Muslim Brotherhood Heads up Iraq under Americans
AFP reports that the president of the Interim Governing Council for February is Muhsin Abdul Hamid, the leader of the Iraqi Islamic Party, the Iraqi branch of the Sunni fundamentalist Muslim Brotherhood.
The party was founded, according to Islam Online, in 1944 when Hasan al-Banna (founder of the Egyptian Muslim Brotherhood) sent Husayn Kamal al-Din to Iraq. The Iraqi government at that time had been taken back over by the British and disallowed the name “Muslim Brotherhood” (the Brotherhood in Egypt at that time was attacking British soldiers and Egyptian government figures who cooperated with the British). The Muslim Brotherhood has often had a local character, and has followed different policies at different times. In the 1940s in Egypt it had a covert apparatus that was violent. Hamas in Palestine is the Palestinian branch of the Muslim Brotherhood.

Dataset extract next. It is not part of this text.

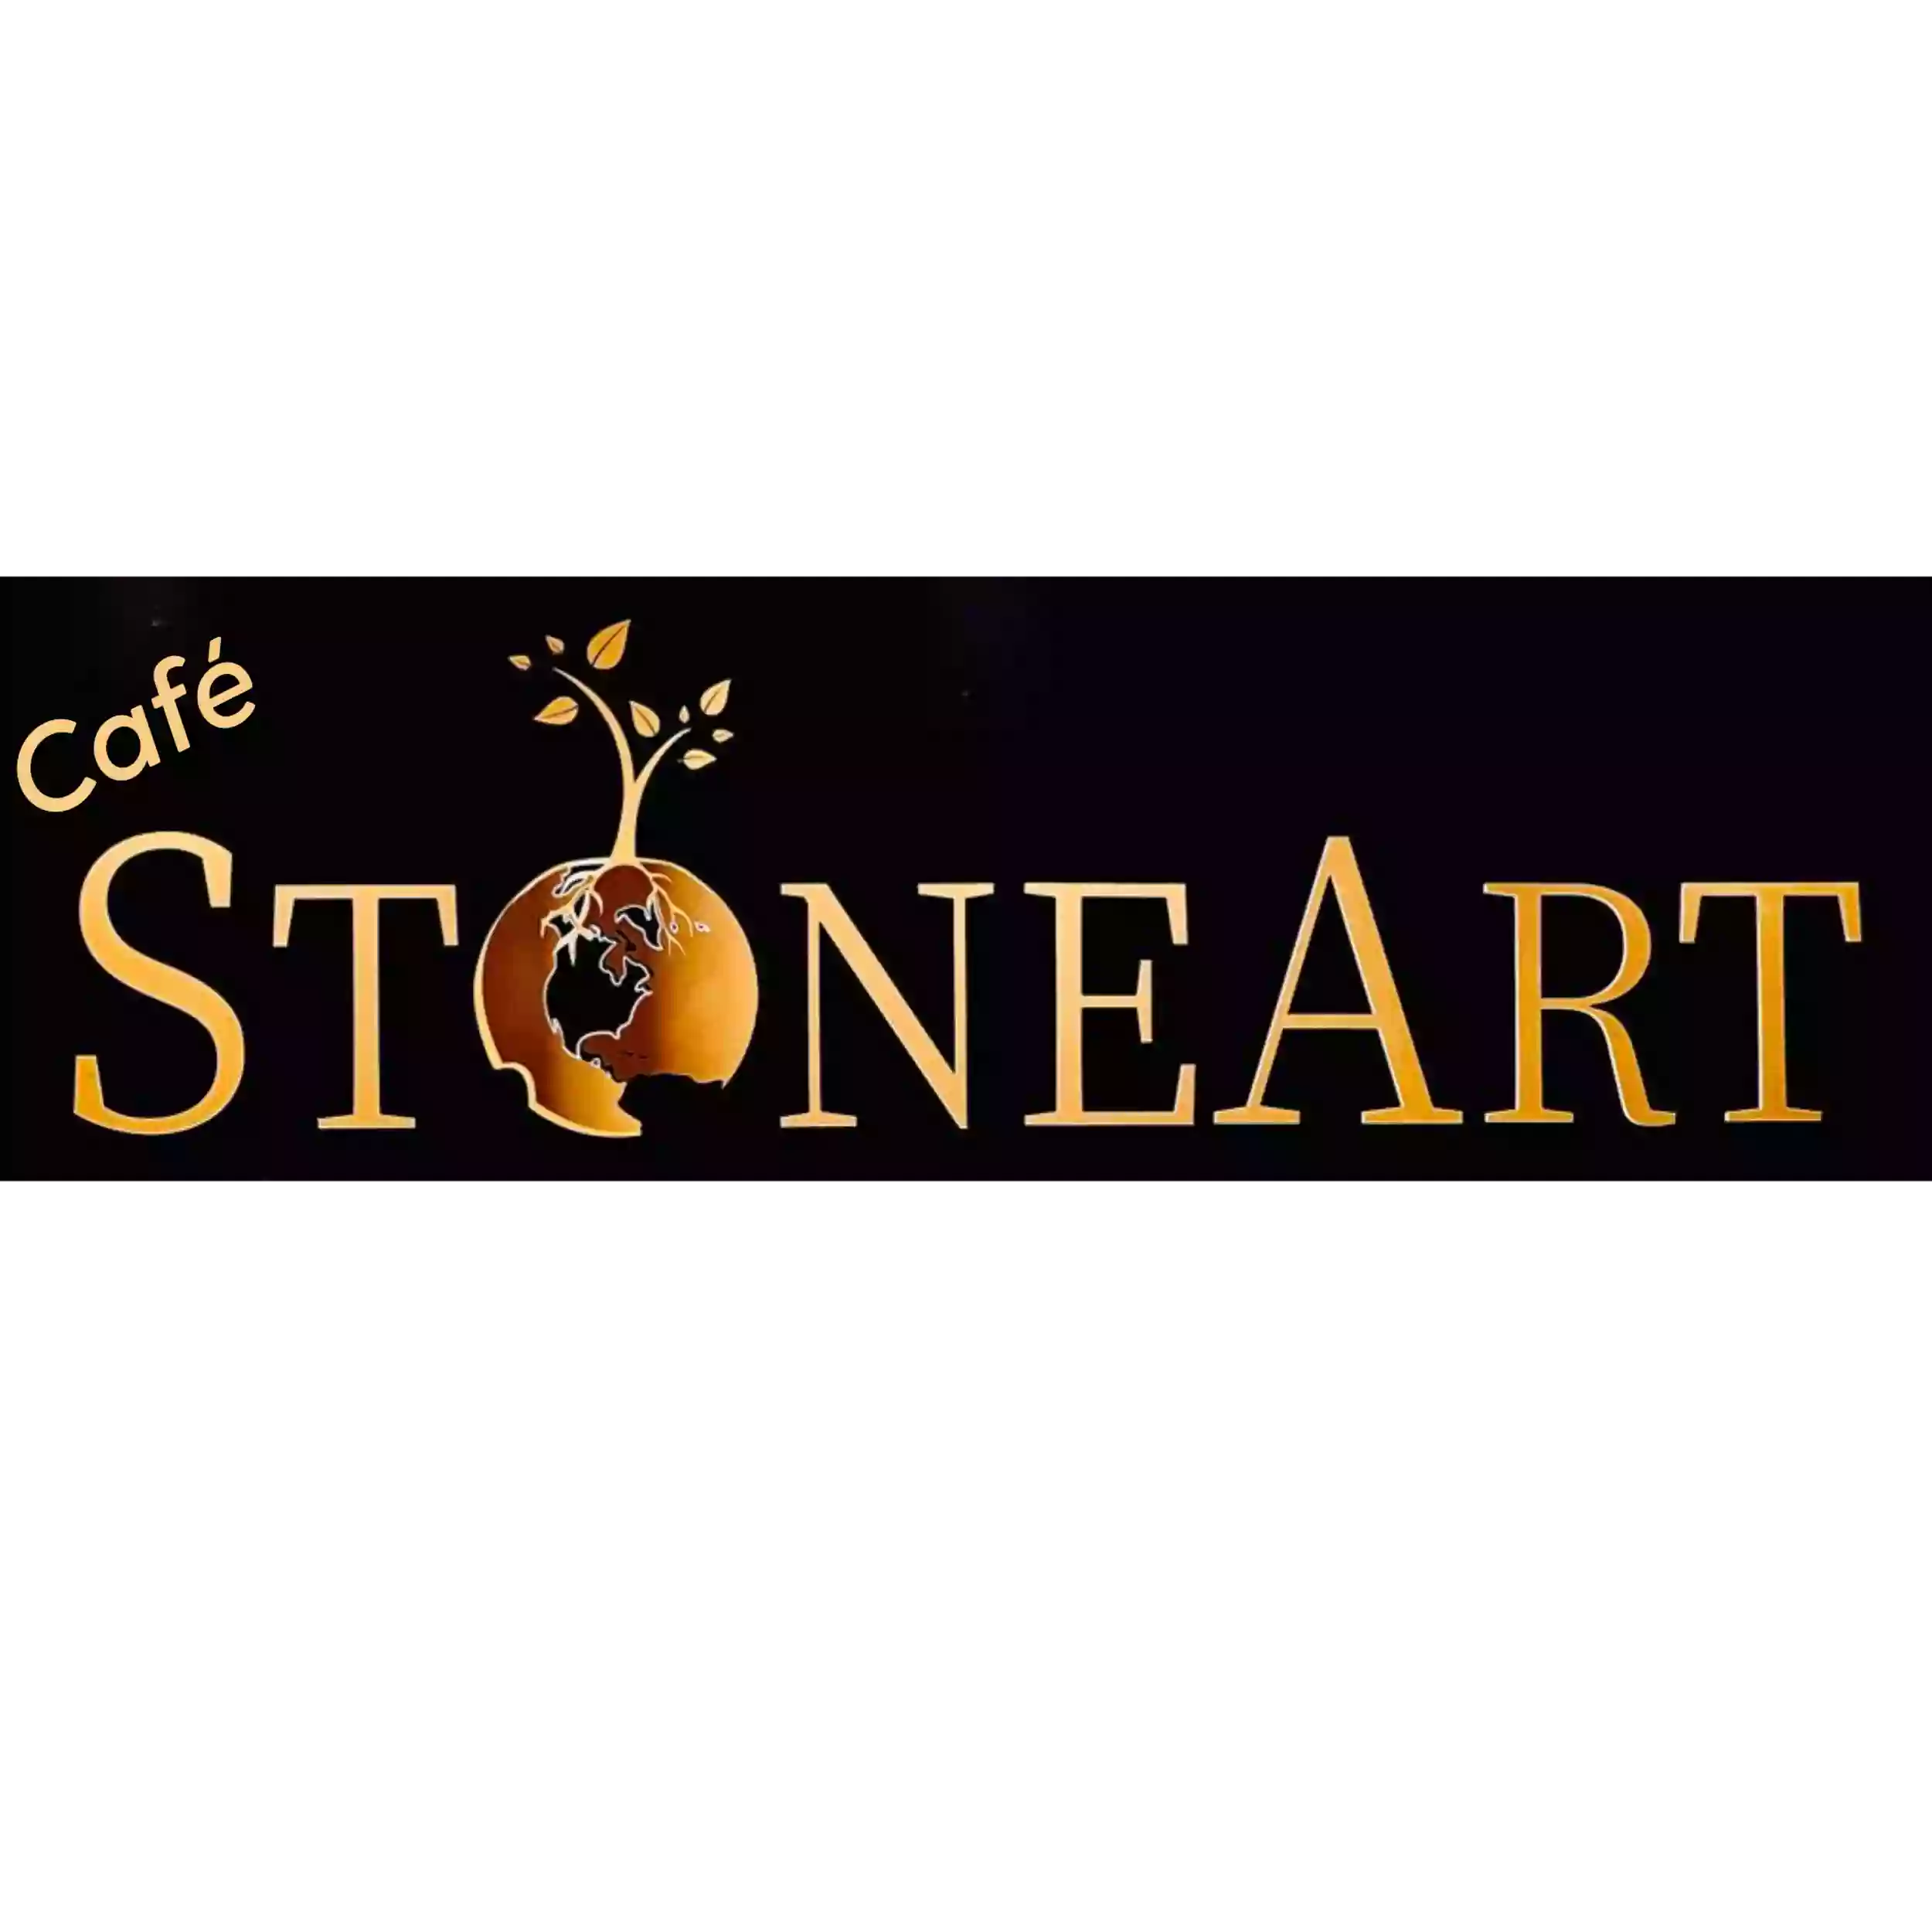 Cafe StoneArt

Mr. Abdul Hamid had initially announced last April that the Iraqi Islamic Party would not cooperate with the US occupation, but he reversed himself and joined the Interim Governing Council in July.
He clearly still has issues with the Americans. Jim Hoagland reported in the Washington Post for Jan. 26, 2004, of his recent visit to the United States: “Mohsen Abdul Hamid, head of the Iraqi branch of the Sunni-based Muslim Brotherhood, left the Governing Council delegation in New York rather than come to Washington and be photographed visiting the White House.”
He had earlier stressed his party’s cooperation with Shiites in opposing Communism back in the 1960s. (Since the Communists have a representative on the IGC, one wonders how he gets along with them now).
He was among the IGC members who accepted the principle of federalism recently for the three Kurdish-majority provinces, which would allow them to have a single provincial government.
Abdul Hamid is opposed to the holding of direct elections, as called for by Grand Ayatollah Ali Sistani. He would want Islamic law to be the law of the land, though presumably the Sunni rather than the Shiite version.
Since the IGC will spend February working on the Fundamental Law that will serve as Iraq’s constitution for the next two years, which is to include a bill of rights, it is a little unfortunate that the Muslim Brotherhood has the presidency this month.
AP reports that Abdul Hamid “was born in the northern city of Kirkuk has authored more than 30 books on interpretation of the Quran. A former professor at the College of Education in Baghdad, he was detained in 1996 on charges of reorganising his party. It is not clear when he was freed.”